There are many instances when you want the LLM to provide responses in a specific format. This is most important when you want to build out more sophisticated systems, with subsequent calls, or if you simply need the output of the LLM to fit into a specific data structure. Structured outputs allows you to specify this when calling the API.

This is where Pydantic comes into play. It is a way to programmatically describe the data structure you want as an output.

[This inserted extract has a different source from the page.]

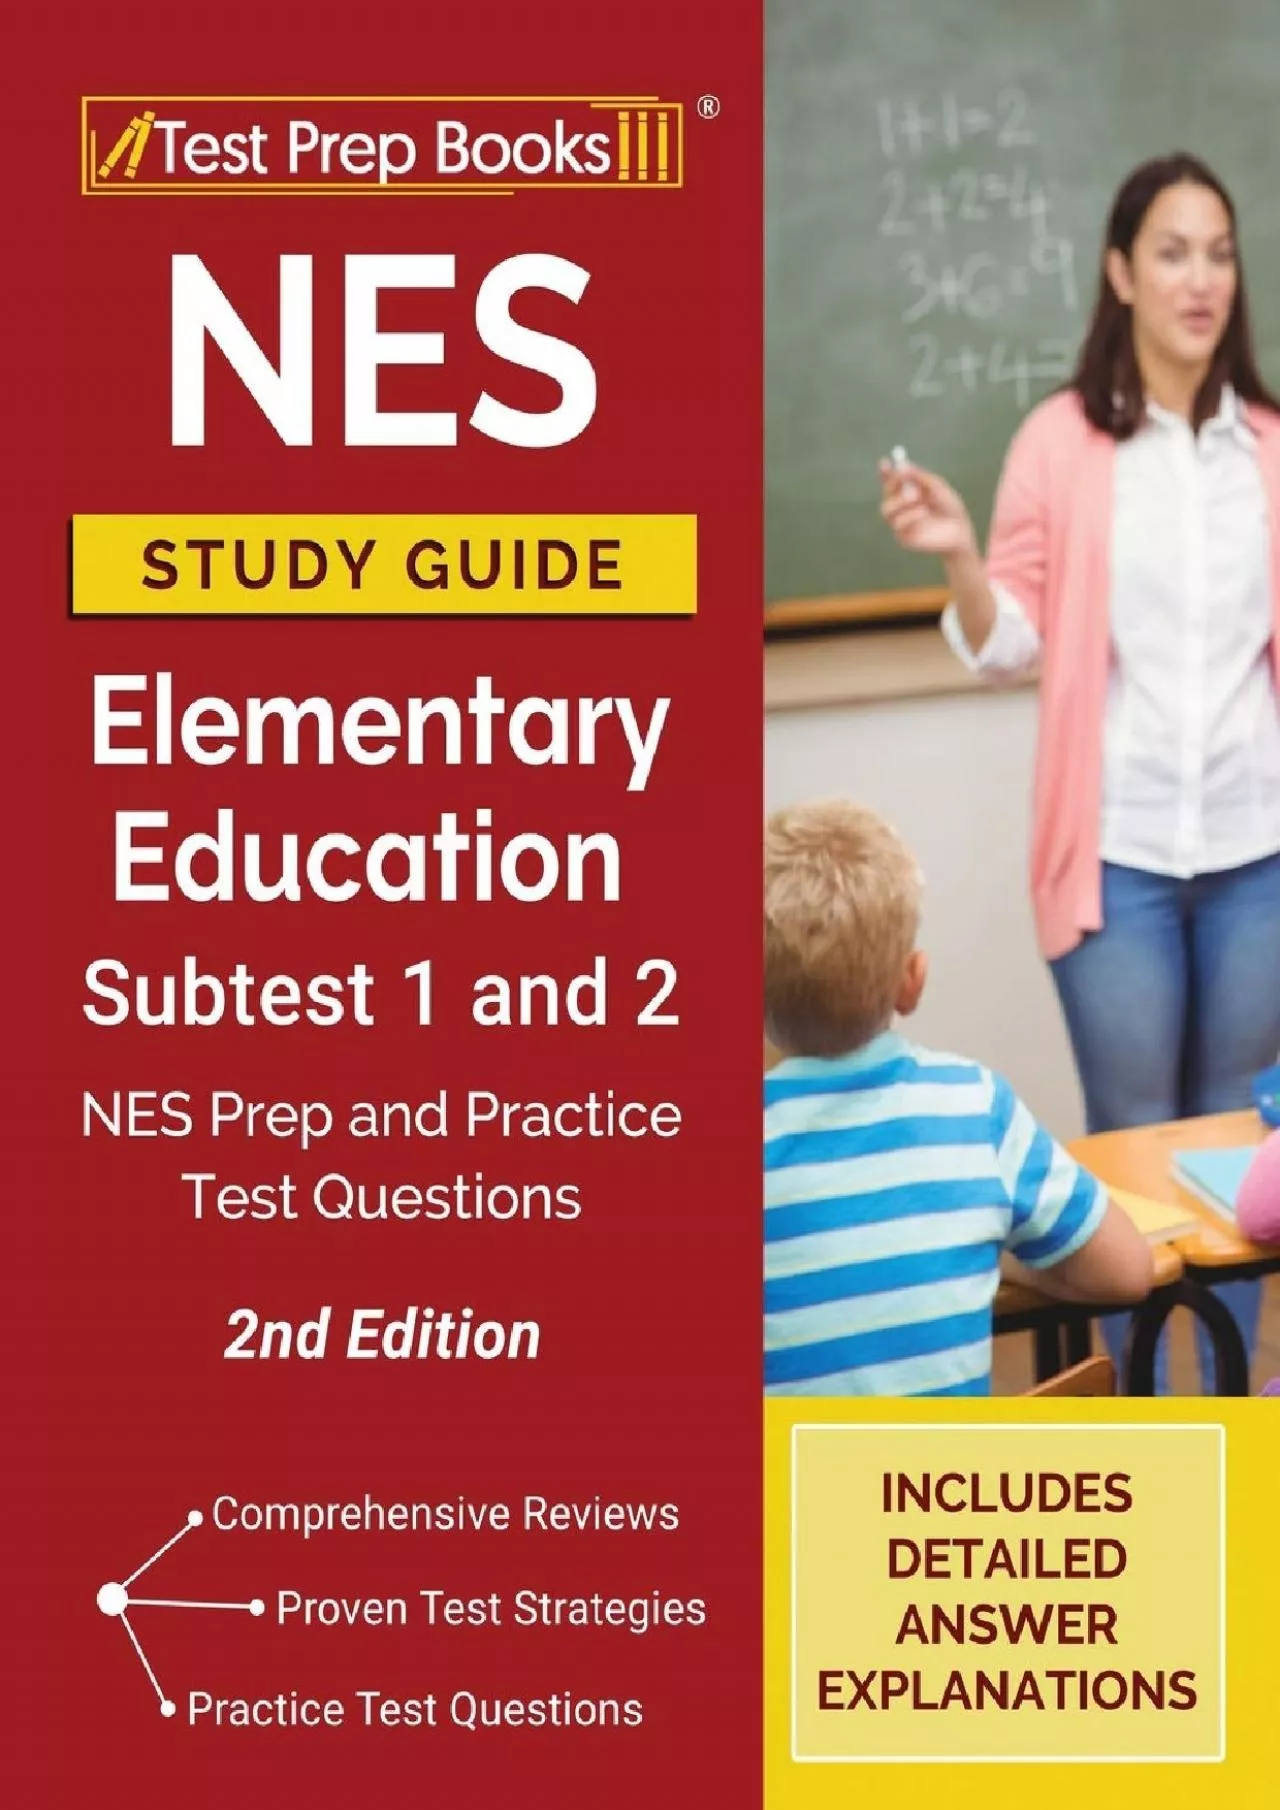 [READ] NES Study Guide Elementary Education Subtest 1 and 2: NES Prep and Practice Test

Lets try to make the LLM extract information from a clinical trial protocol.

In [13]:
trial_description = """The drug that will be investigated in the study is GEN1053. GEN1053 is an antibody designed to (re)activate and increase antitumor immunity.

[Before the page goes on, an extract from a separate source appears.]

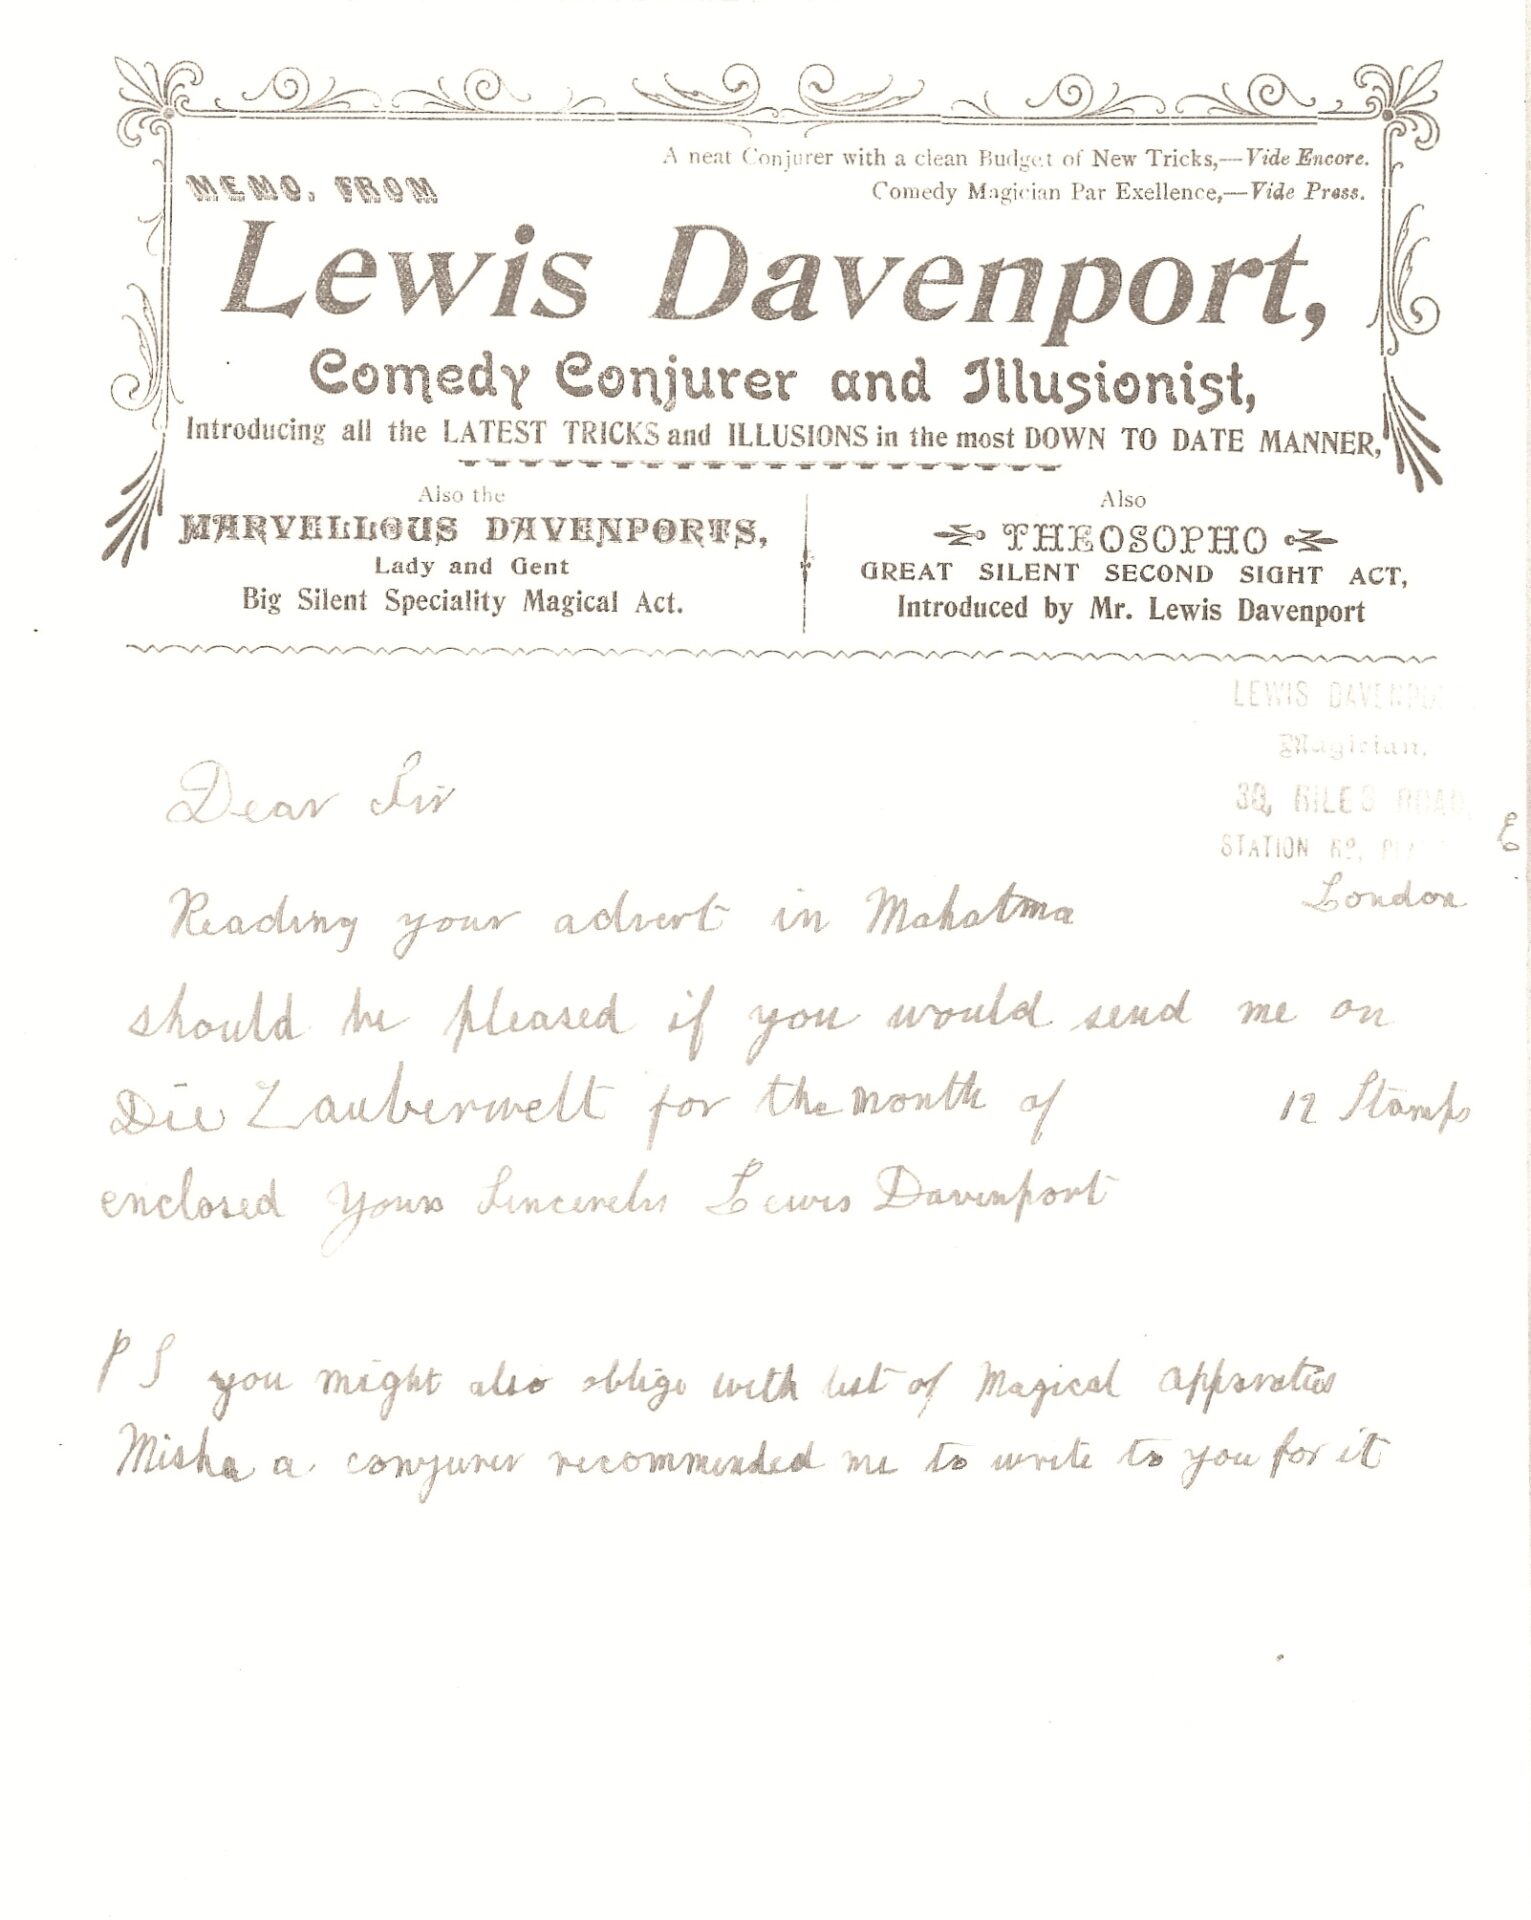 Notepaper used by Lewis Davenport which also covers The Davenports and Theosopho

Since this is the first study of GEN1053 in humans, the main purpose is to evaluate safety. Besides safety, the study will determine the recommended GEN1053 dose to be tested in a larger group of participants and assess preliminary clinical activity of GEN1053.

GEN1053 will be studied in a broad group of cancer patients, having different kinds of solid tumors. All participants will get GEN1053. The study consists of two parts: Part 1 tests increasing doses of GEN1053 ("escalation"), followed by Part 2 which tests the recommended phase 2 dose GEN1053 dose from Part 1 ("expansion").

The trial is a First in Human open-label, multicenter, multinational safety trial in participants with non-central nervous system (non-CNS) metastatic or advanced malignant solid tumors for whom there is no available standard therapy likely to confer clinical benefit, evaluating the safety, tolerability, preliminary antitumor activity, pharmacokinetics (PK), pharmacodynamics (PD), and immunogenicity of GEN1053.

The trial will be conducted as follows:

The Dose Escalation part (Part 1) will explore the safety of escalating doses of GEN1053 as monotherapy (phase 1)
The Expansion part (Part 2) is planned to provide additional safety and initial antitumor activity information of the Recommended Phase 2 dose (RP2D) for GEN1053 monotherapy in selected tumor indications, as well as more detailed data related to the mode of action (MoA)."""

baseline_study_prompt = f"""Extract the drug name and how many parts there are of the trial from the following clinical trial description:
{trial_description}"""

In [None]:
baseline_study_response = single_prompt_call(baseline_study_prompt)
print(baseline_study_response.choices[0].message.content)

The drug name is **GEN1053**. The clinical trial consists of **two parts**: Part 1 (Dose Escalation) and Part 2 (Expansion).


Now what if you wanted to parse these two responses out into an input for a database? 

Regex statement to extract the two answers out? (if you dont know how to create a regex pattern, try ChatGPT to help you)

What if there are extraneous characters?

In [73]:
formatted_study_prompt = f"""Extract the drug name and how many parts there are of the trial from the following clinical trial description:
{trial_description}

Format your response like the following:
drug_name: drug name from clinical trial description
parts: count of parts of the study
"""

formatted_study_response = single_prompt_call(formatted_study_prompt)
print(formatted_study_response.choices[0].message.content)

drug_name: GEN1053  
parts: 2


In [None]:
# Example of how you would use regex to parse out the two entities from the output string

import re

text = """
drug_name: GEN1053  
parts: 2
"""

# Regular expression pattern to extract drug_name and parts
pattern = r"drug_name:\s*(\w+)\s*parts:\s*(\d+)"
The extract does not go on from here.